# Google Big Query Glue Code
* This pattern uses a AWS Glue Spark Job to incrementally transfer data from multiple tables in an Google Big Query Server to an Amazon Simple Storage Service (Amazon S3) bucket.
* The list of tables to be transferred is provided to the AWS Glue job as a json file
* Database credentials are stored in AWS Secrets Manager.

![](../../media/architecture.png)

### How is Data Organized into Google Cloud?

In Google BigQuery, data is organized into tables within datasets. A dataset is a grouping of related tables, similar to a schema in a relational database. Each table contains rows and columns, similar to a spreadsheet. 
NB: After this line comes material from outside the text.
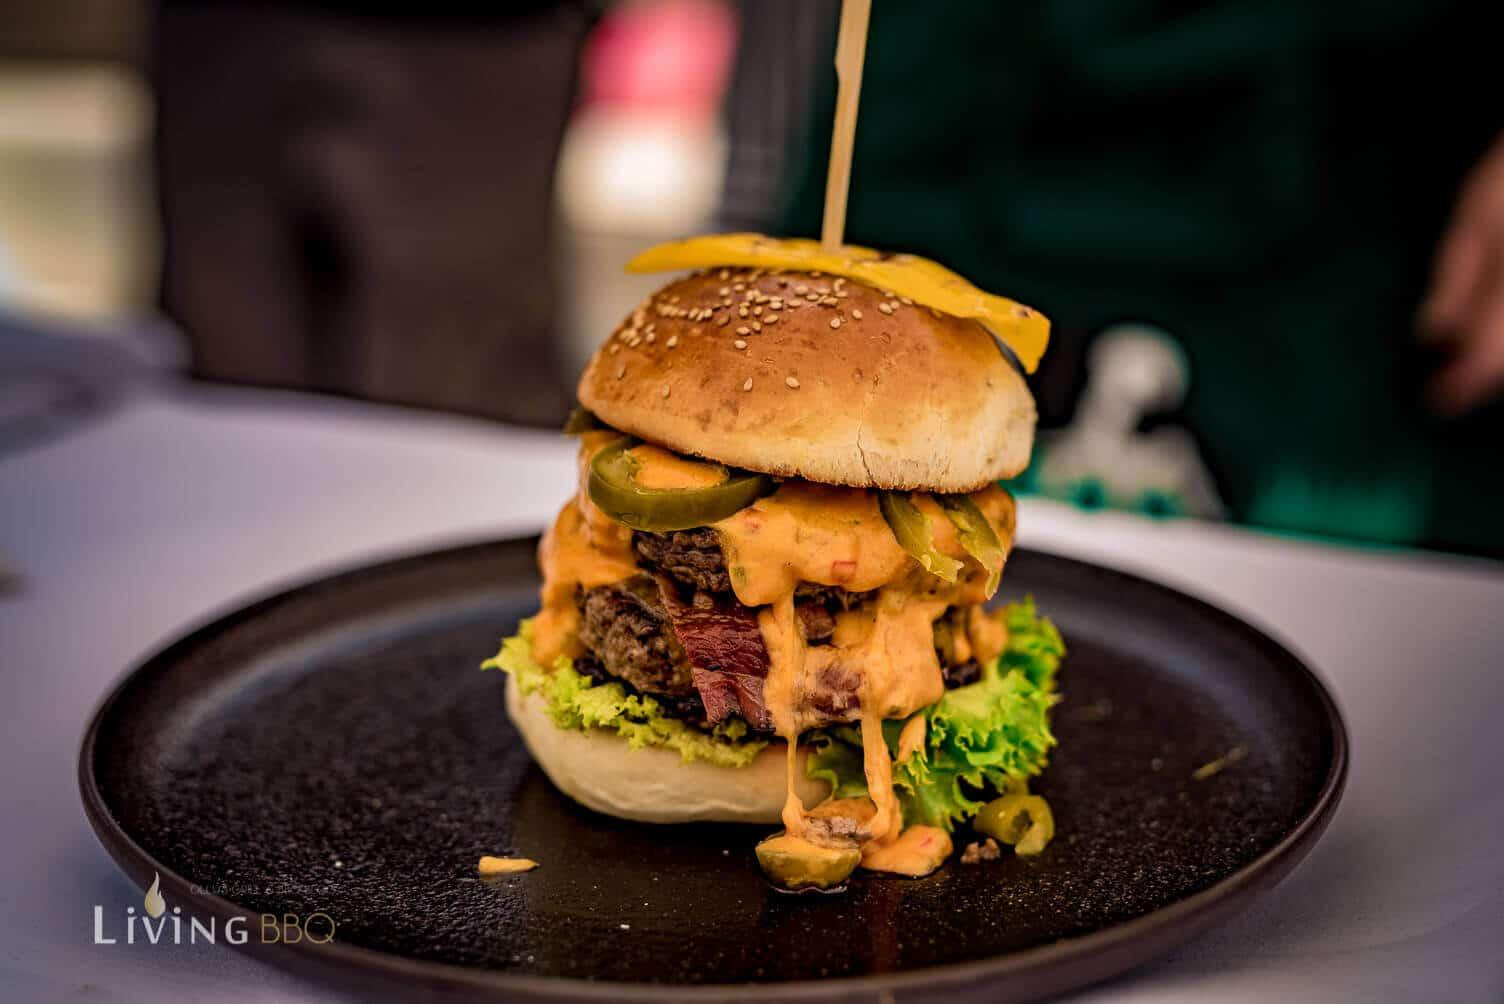 Cheddar Burger [object object]_Kerrygold Cheddar Burger Challenge 31 von 32

BigQuery supports structured data in the form of SQL tables as well as semi-structured data such as JSON, Avro, ORC, Parquet and more. Tables can be either loaded with data or created as the result of a query, and can be either single-row or multi-row.

Each dataset is associated with a project.   Projects form the basis for creating, enabling, and using all Google Cloud services.

### How is Data migrated to AWS?

AWS Glue is a fully managed extract, transform, and load (ETL) service that makes it easy to prepare and load your data for analytics.  AWS Glue Connectors makes it easy for you to transfer data from SaaS applications and custom data sources to your data lake in Amazon S3. With just a few clicks, you can search and select connectors from the AWS Marketplace and begin your data preparation workflow in minutes.  There is a Google Big Query Connector available in the AWS Marketplace.  Follow this blog to learn more.

### Wildcard Tables:

In Google BigQuery, a wildcard table is a virtual table that represents multiple existing tables. It uses the wildcard character "*" in the table name to match multiple tables. Wildcard tables allow you to query multiple tables as if they were a single table, making it easier to consolidate data from multiple sources. The syntax for a wildcard table is [dataset_name].[table_name_prefix]*. To use a wildcard table in a query, you need to provide a date or timestamp range in the WHERE clause to specify which tables should be included in the query.

### Limitations of the GBQ Connector:

The connector is really helpful when you know which tables to extract.  However, there are limitation when you want to migrate a wildcard table.

In such cases, we need an GBQ Client which would run queries on the datasets to extract tables.  You can specify conditions to the query to extract only specific types of tables.  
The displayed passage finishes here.